Records excerpted from a collection:
********************

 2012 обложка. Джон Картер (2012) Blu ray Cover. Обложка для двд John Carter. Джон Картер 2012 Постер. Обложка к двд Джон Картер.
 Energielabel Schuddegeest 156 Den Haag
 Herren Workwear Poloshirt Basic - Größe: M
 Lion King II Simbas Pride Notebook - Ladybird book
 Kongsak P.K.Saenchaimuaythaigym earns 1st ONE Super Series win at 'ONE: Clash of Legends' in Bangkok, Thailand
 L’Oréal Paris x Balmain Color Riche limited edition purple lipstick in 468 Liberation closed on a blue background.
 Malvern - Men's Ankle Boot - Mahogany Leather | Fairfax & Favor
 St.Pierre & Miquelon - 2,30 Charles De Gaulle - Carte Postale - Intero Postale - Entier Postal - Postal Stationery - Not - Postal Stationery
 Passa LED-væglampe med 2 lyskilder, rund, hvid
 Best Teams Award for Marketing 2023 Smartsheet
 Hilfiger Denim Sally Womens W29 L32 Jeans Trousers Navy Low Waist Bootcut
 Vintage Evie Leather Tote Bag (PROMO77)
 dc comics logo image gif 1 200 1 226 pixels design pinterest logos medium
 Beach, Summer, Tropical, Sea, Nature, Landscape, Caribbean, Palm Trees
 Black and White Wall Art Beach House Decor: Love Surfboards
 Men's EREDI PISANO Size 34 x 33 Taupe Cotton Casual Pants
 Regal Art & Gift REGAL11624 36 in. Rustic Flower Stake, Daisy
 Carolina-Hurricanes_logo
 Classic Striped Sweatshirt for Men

********************

- **WHAT TO WORK ON**: Give nothing but the number of lines in the entries that include "Beach".

- **SOLUTION TO THIS TASK**: 2